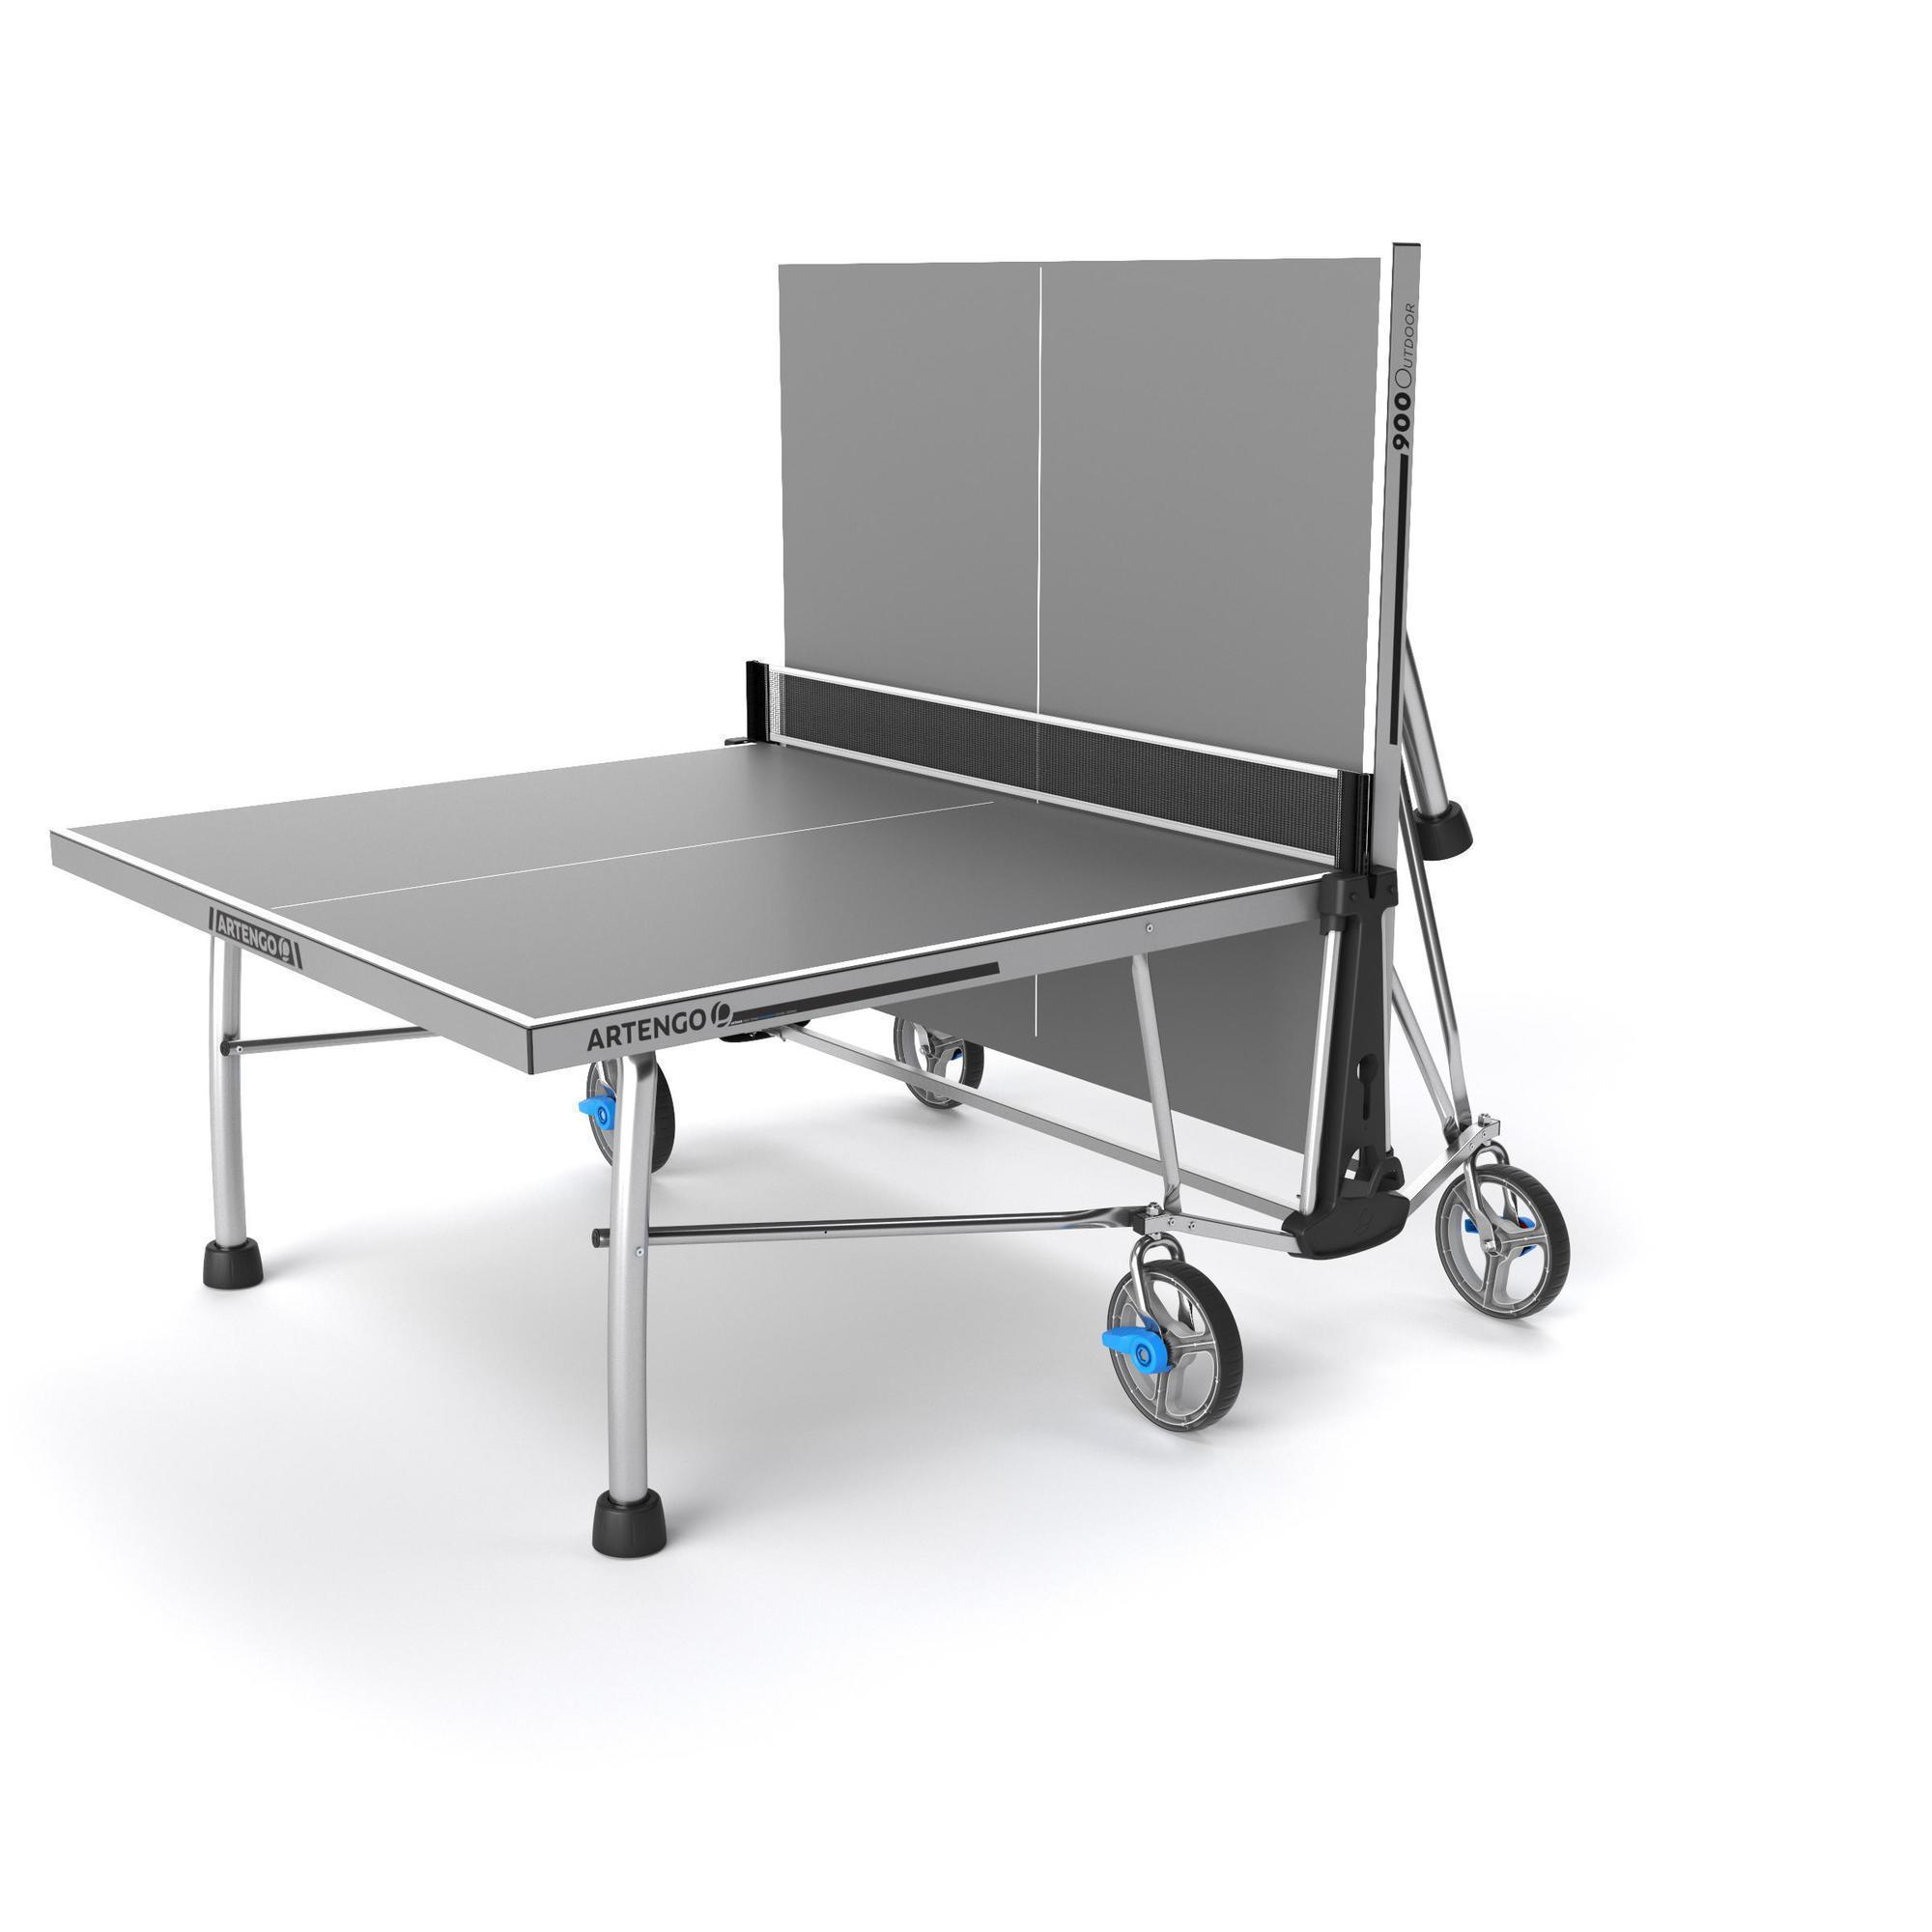 Table de ping pong artengo ft 860 outddor artengo - Tavolo ping pong artengo ...
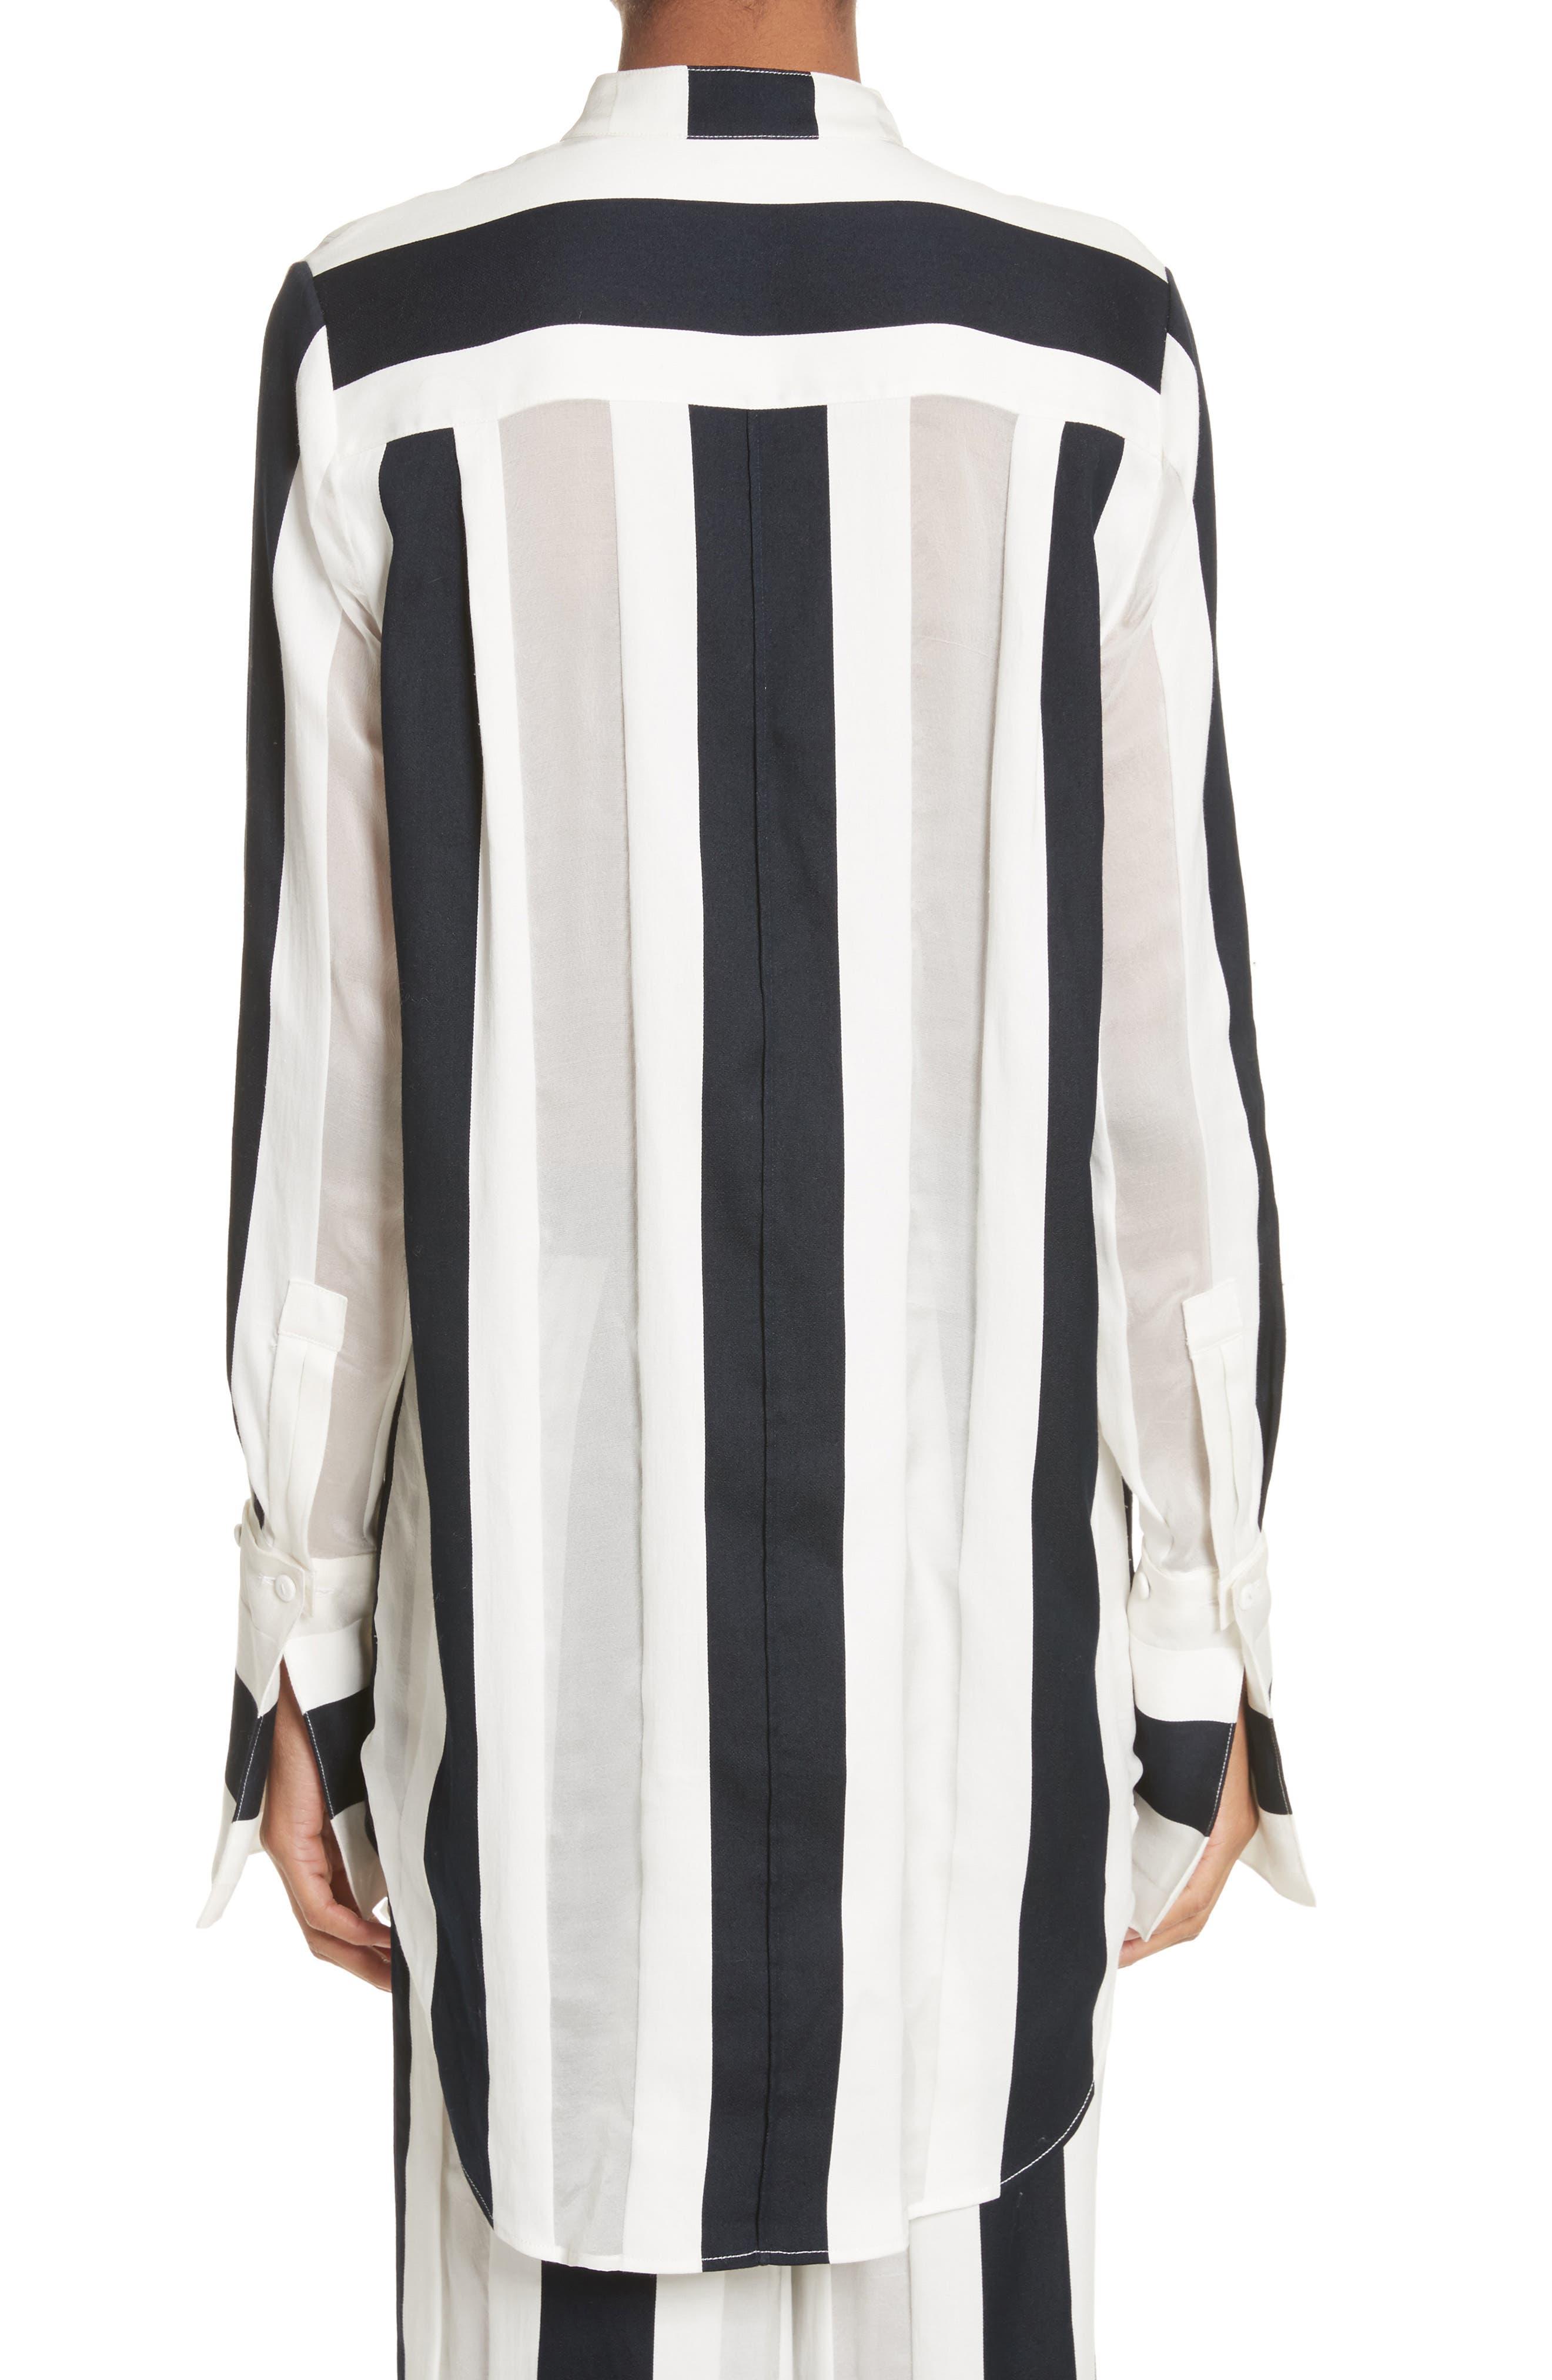 Cotton & Silk Stripe Jacquard Blouse,                             Alternate thumbnail 2, color,                             Black/ White
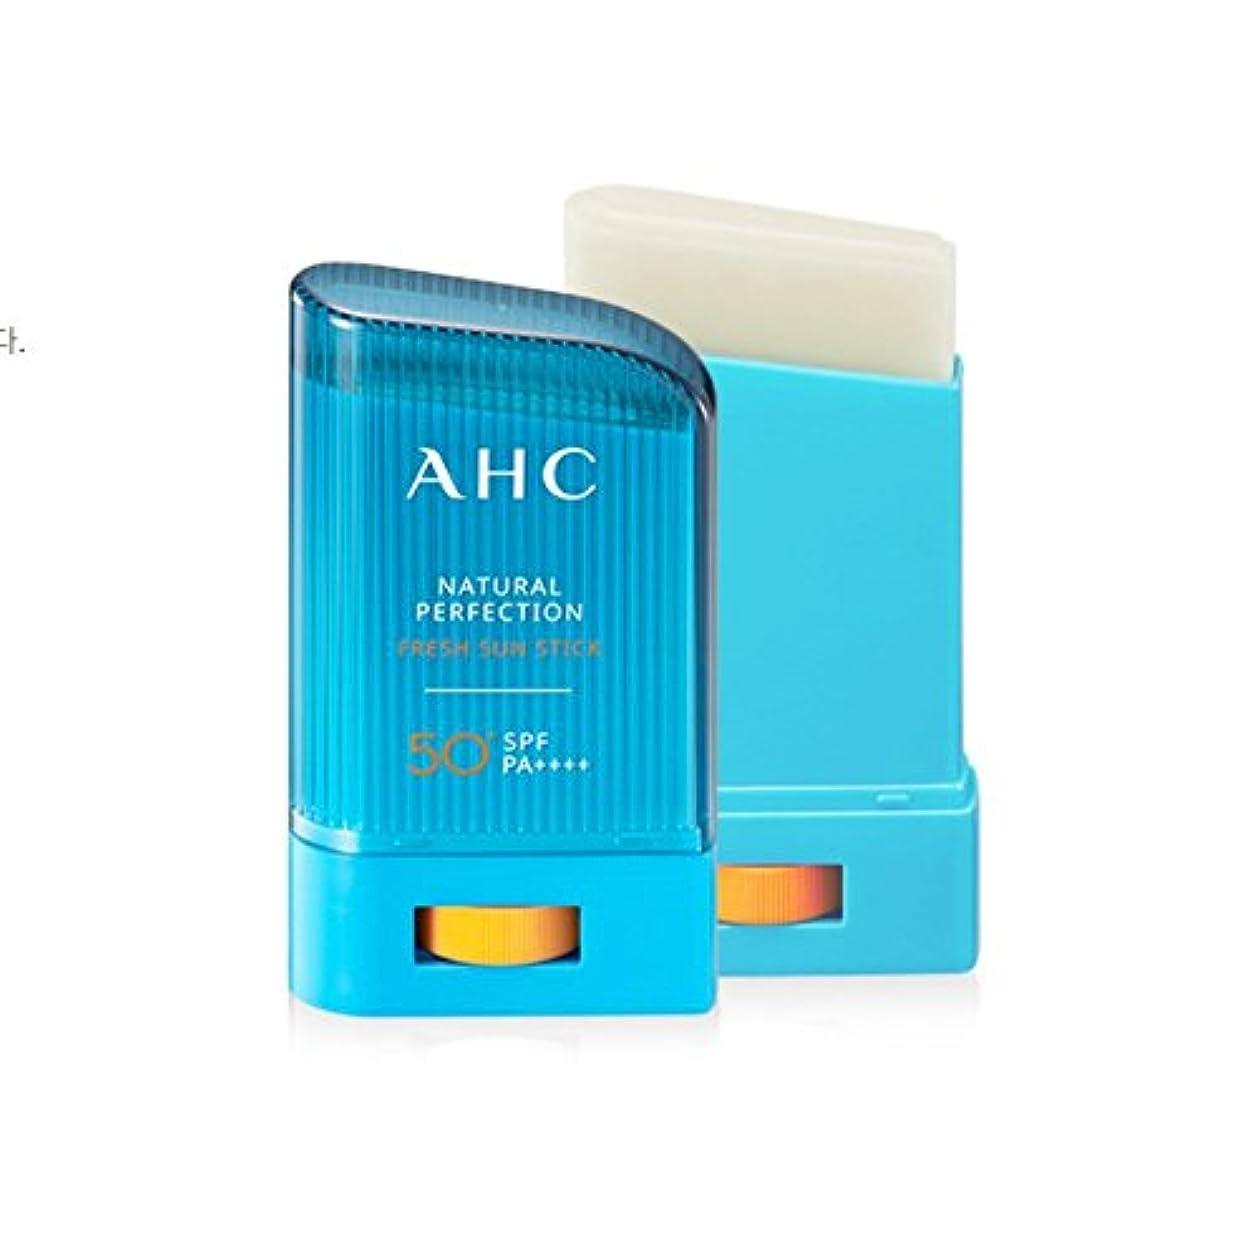 カリングパーク不幸2018年(Renewal) AHC ナチュラル サン スティック 22g/AHC Natural perfection fresh sun stick (22g) [並行輸入品]

> [Task requirements]: Could you give the listing again exactly as it stands, minus any pictures?

> [Output]:
 Table de ping pong artengo ft 860 outddor artengo - Tavolo ping pong artengo ...
 Cotton & Silk Stripe Jacquard Blouse,                             Alternate thumbnail 2, color,                             Black/ White
 カリングパーク不幸2018年(Renewal) AHC ナチュラル サン スティック 22g/AHC Natural perfection fresh sun stick (22g) [並行輸入品]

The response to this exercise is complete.